» **What is being asked**
Please set down only the lines below starting with the line with "Superb Knicker Bar" and going on through the line with "Palace of Herodes", verbatim and without pictures.

» **Available data**
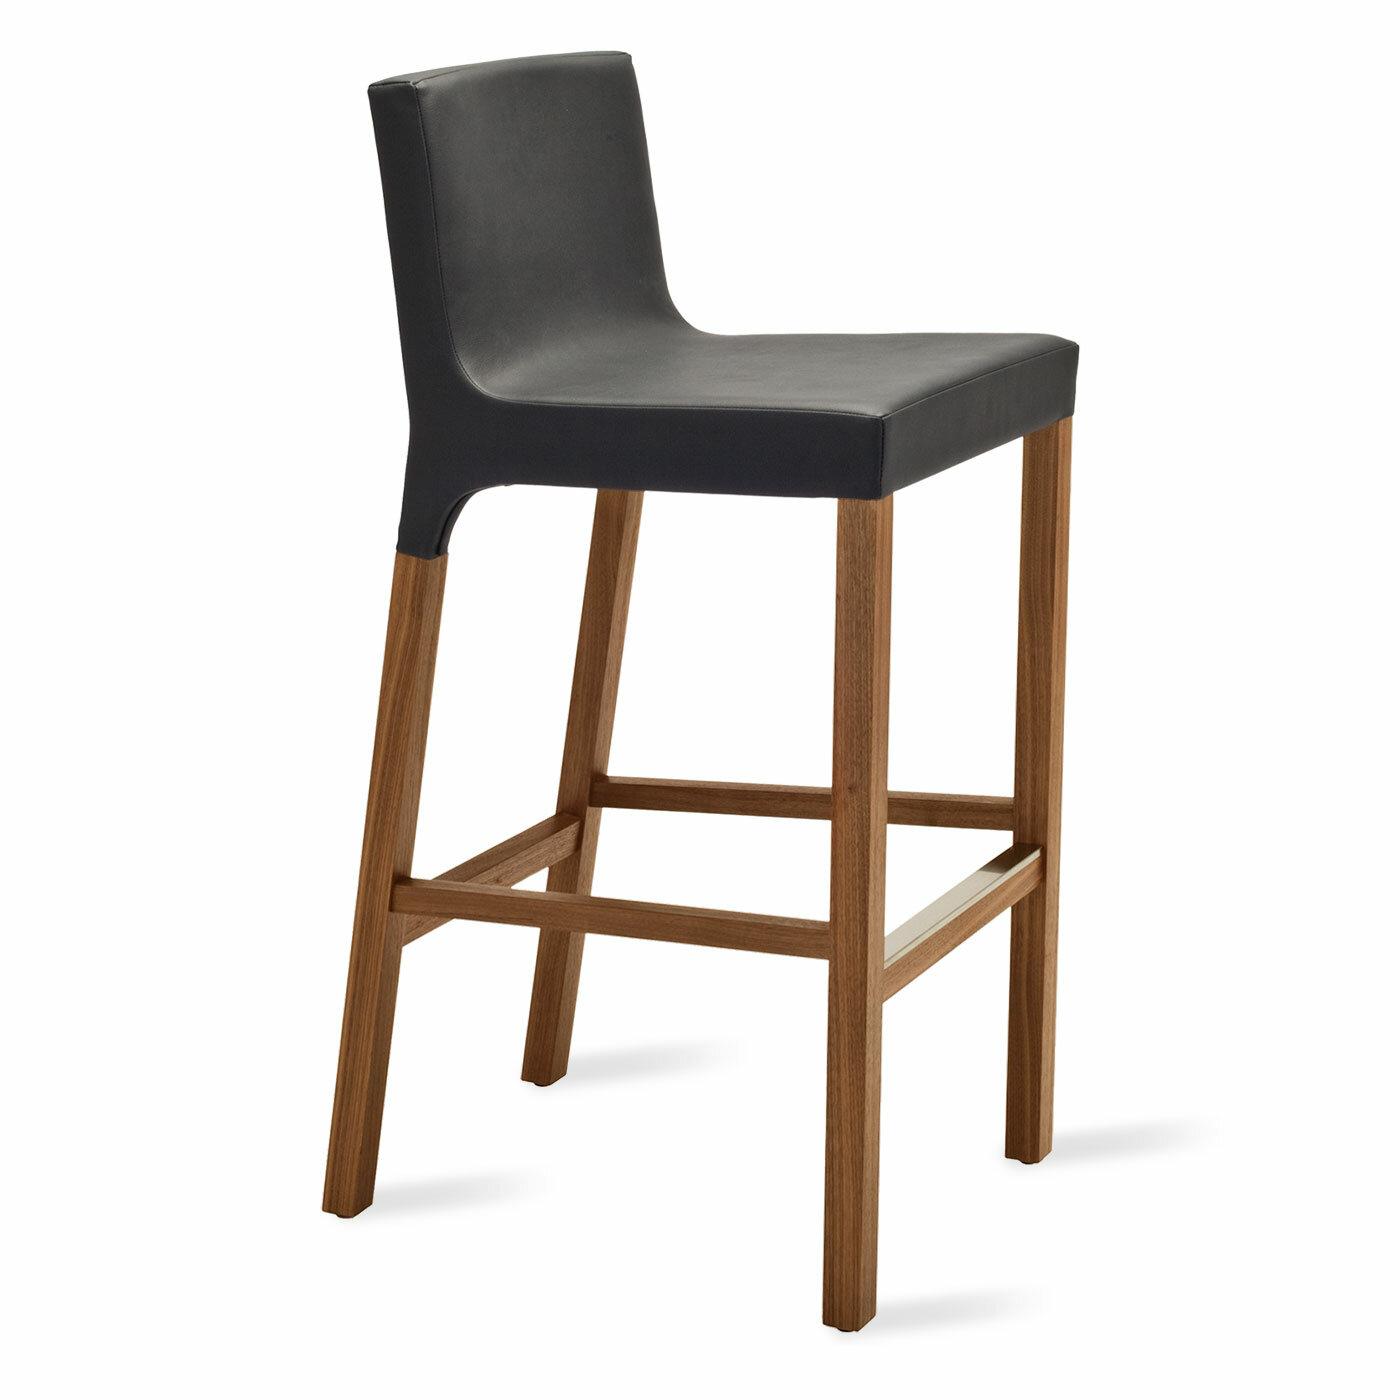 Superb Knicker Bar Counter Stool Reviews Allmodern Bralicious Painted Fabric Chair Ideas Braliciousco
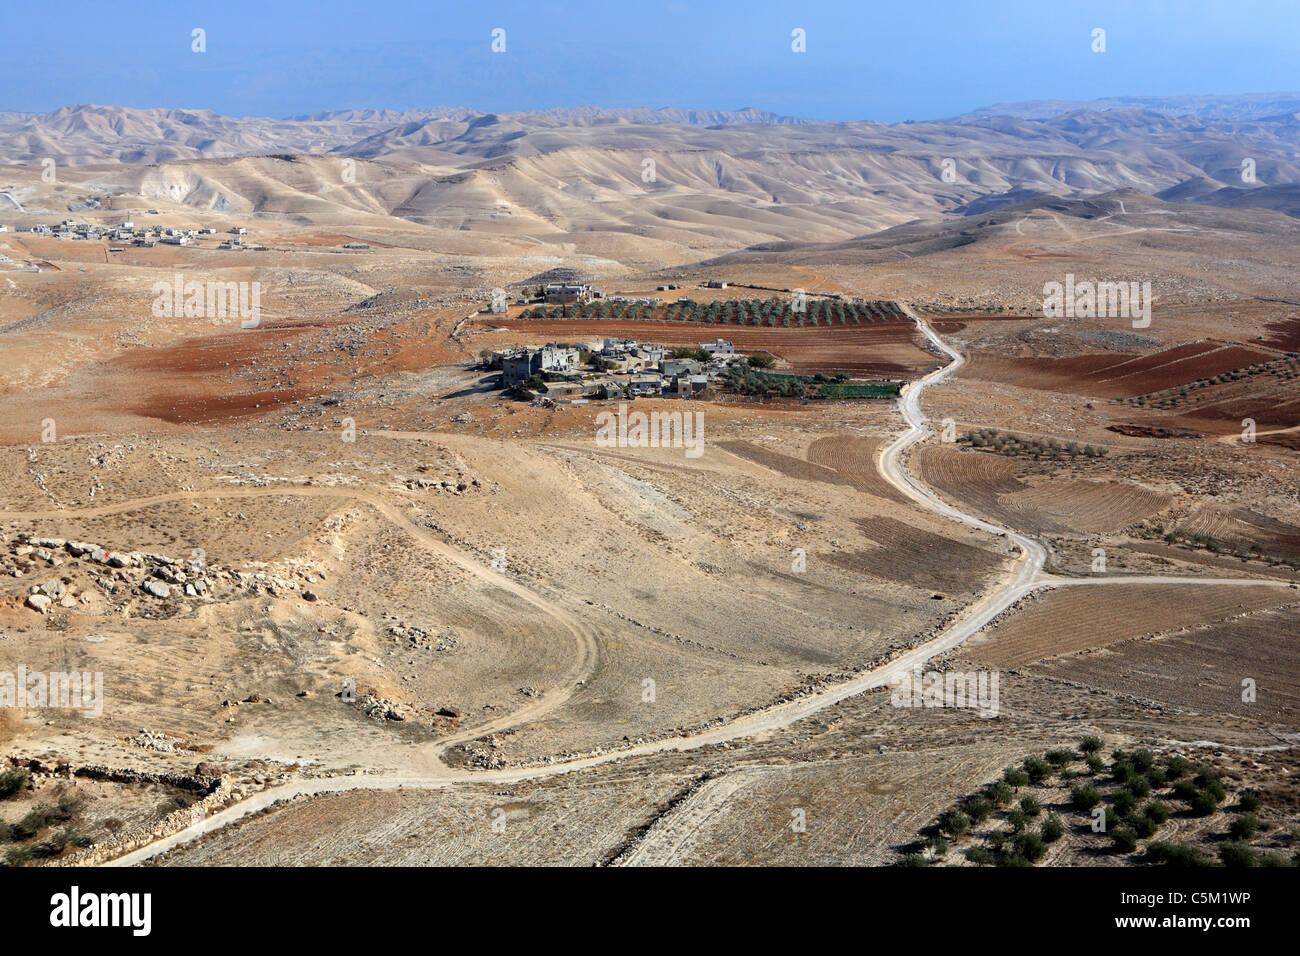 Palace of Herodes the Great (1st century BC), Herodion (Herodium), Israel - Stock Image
...
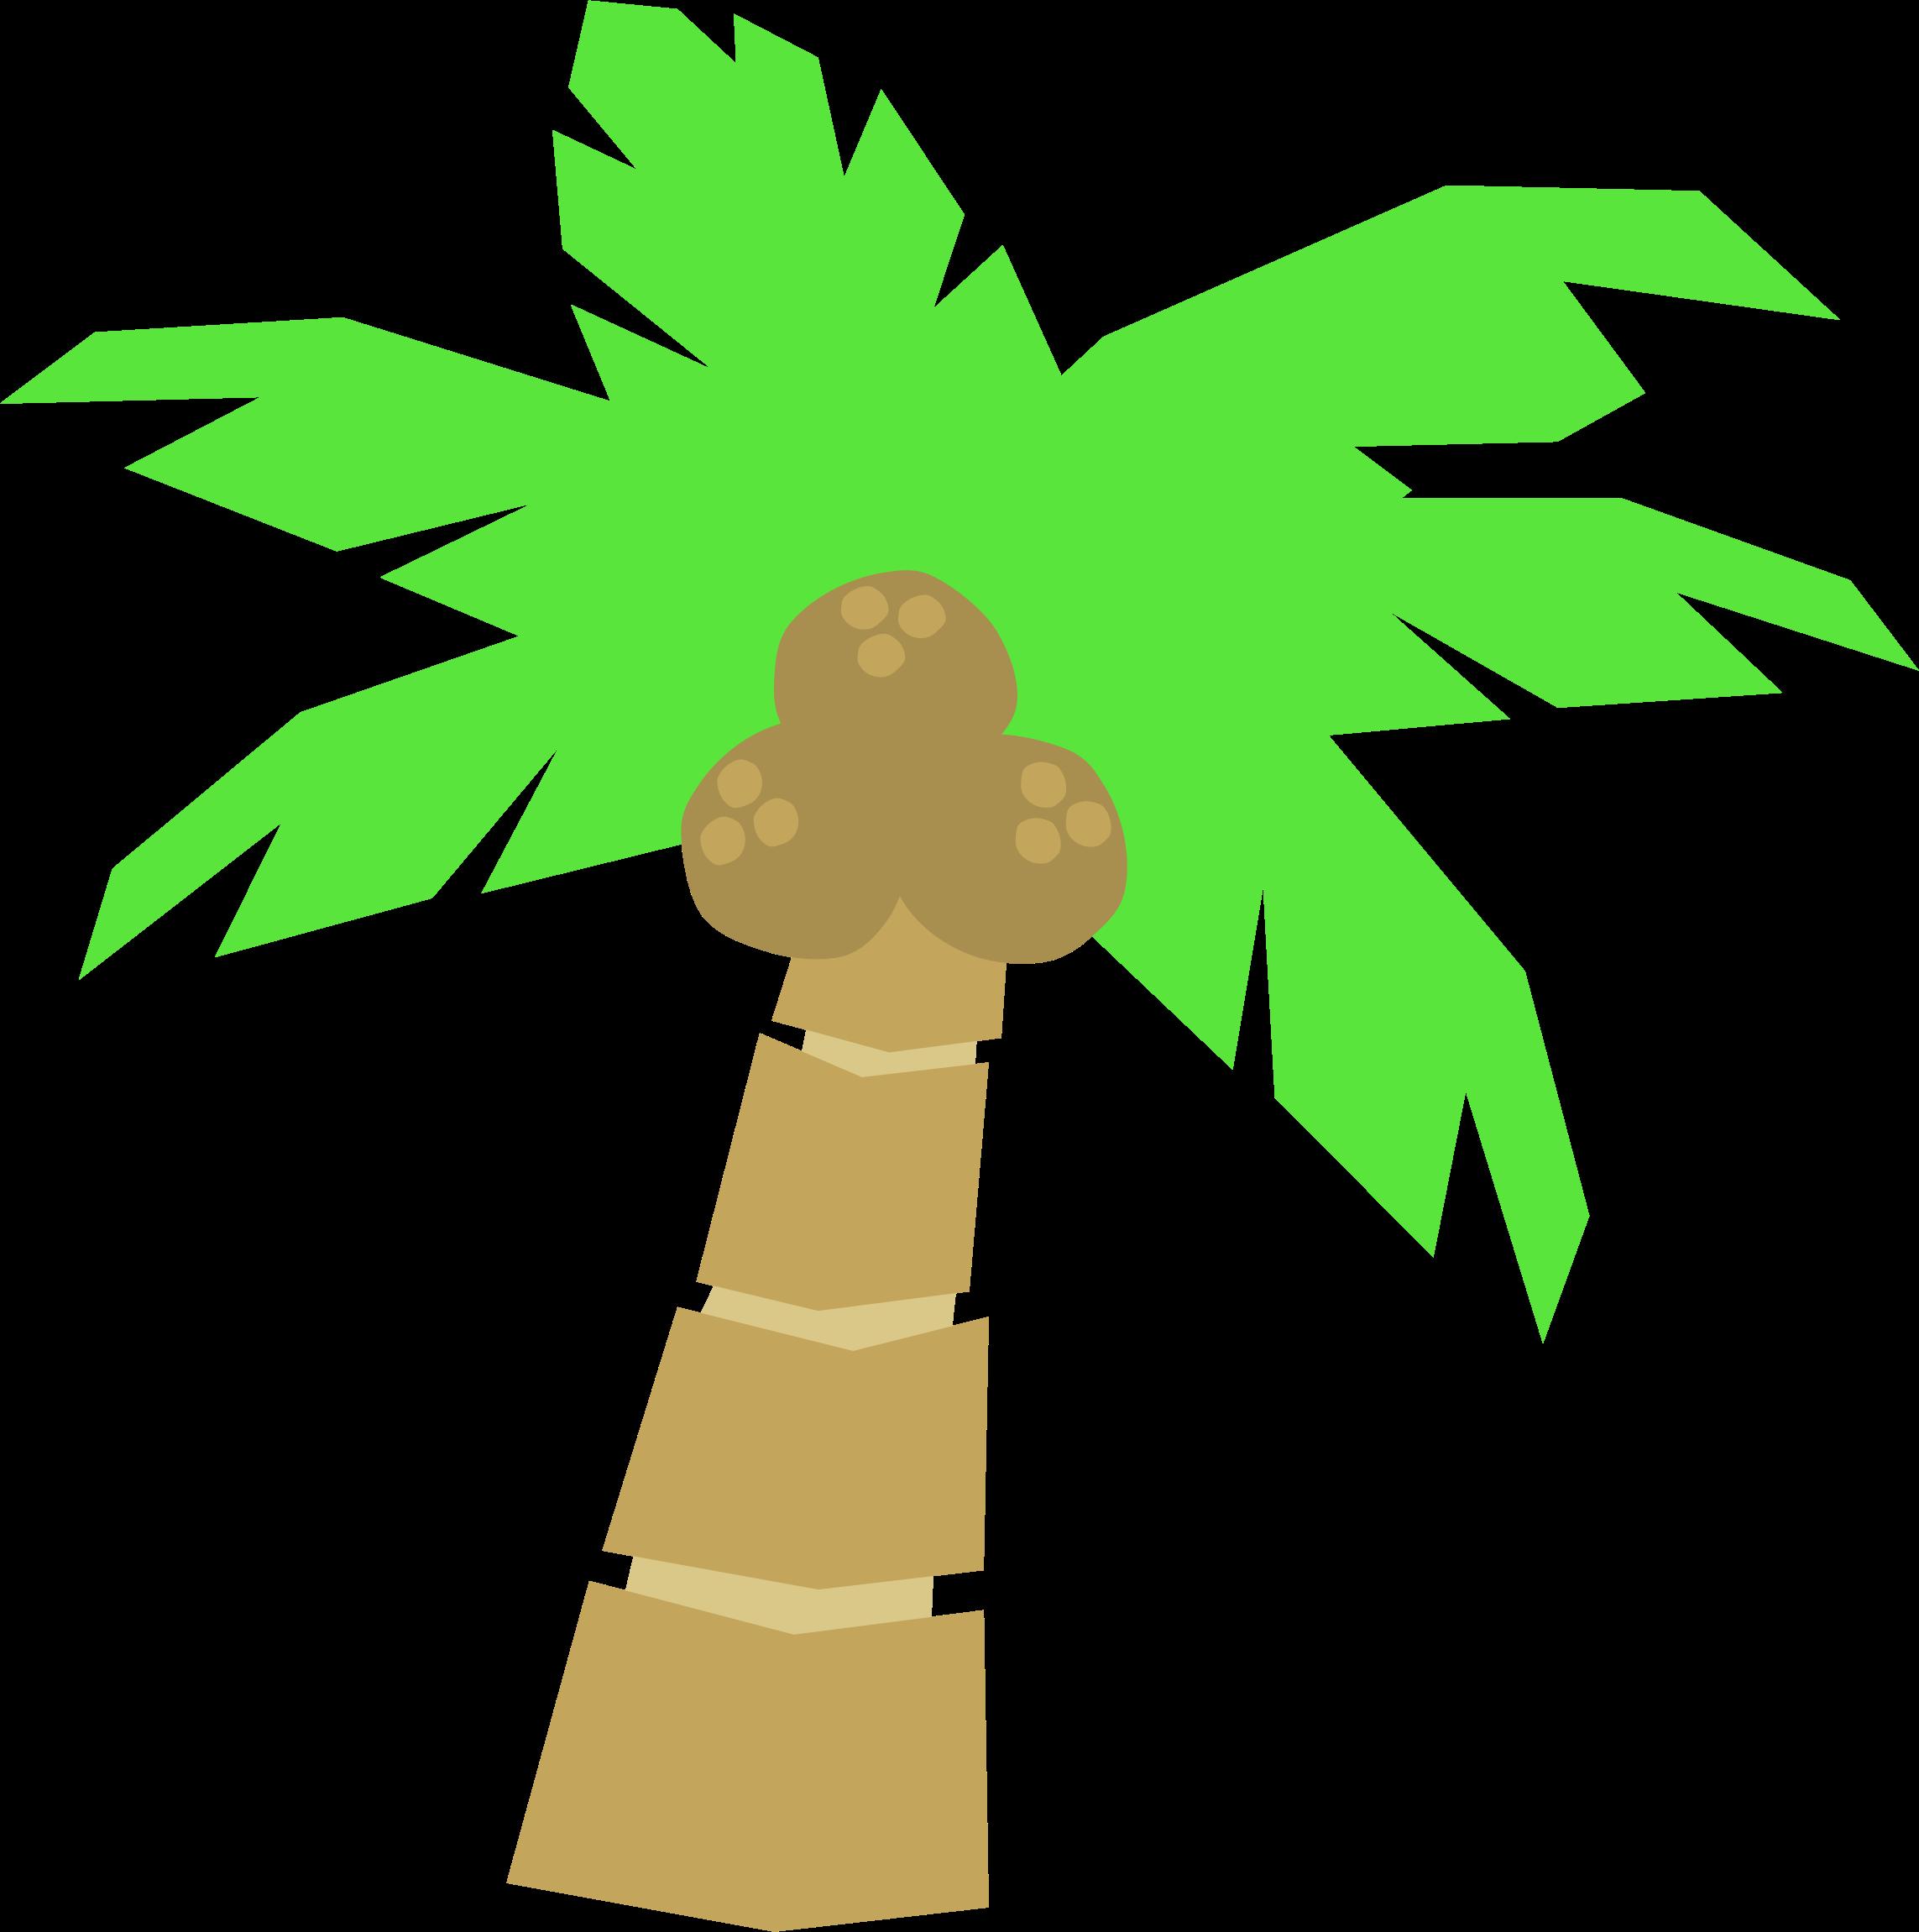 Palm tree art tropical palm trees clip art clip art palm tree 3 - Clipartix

» **Response to the task**
 Superb Knicker Bar Counter Stool Reviews Allmodern Bralicious Painted Fabric Chair Ideas Braliciousco
 Palace of Herodes the Great (1st century BC), Herodion (Herodium), Israel - Stock Image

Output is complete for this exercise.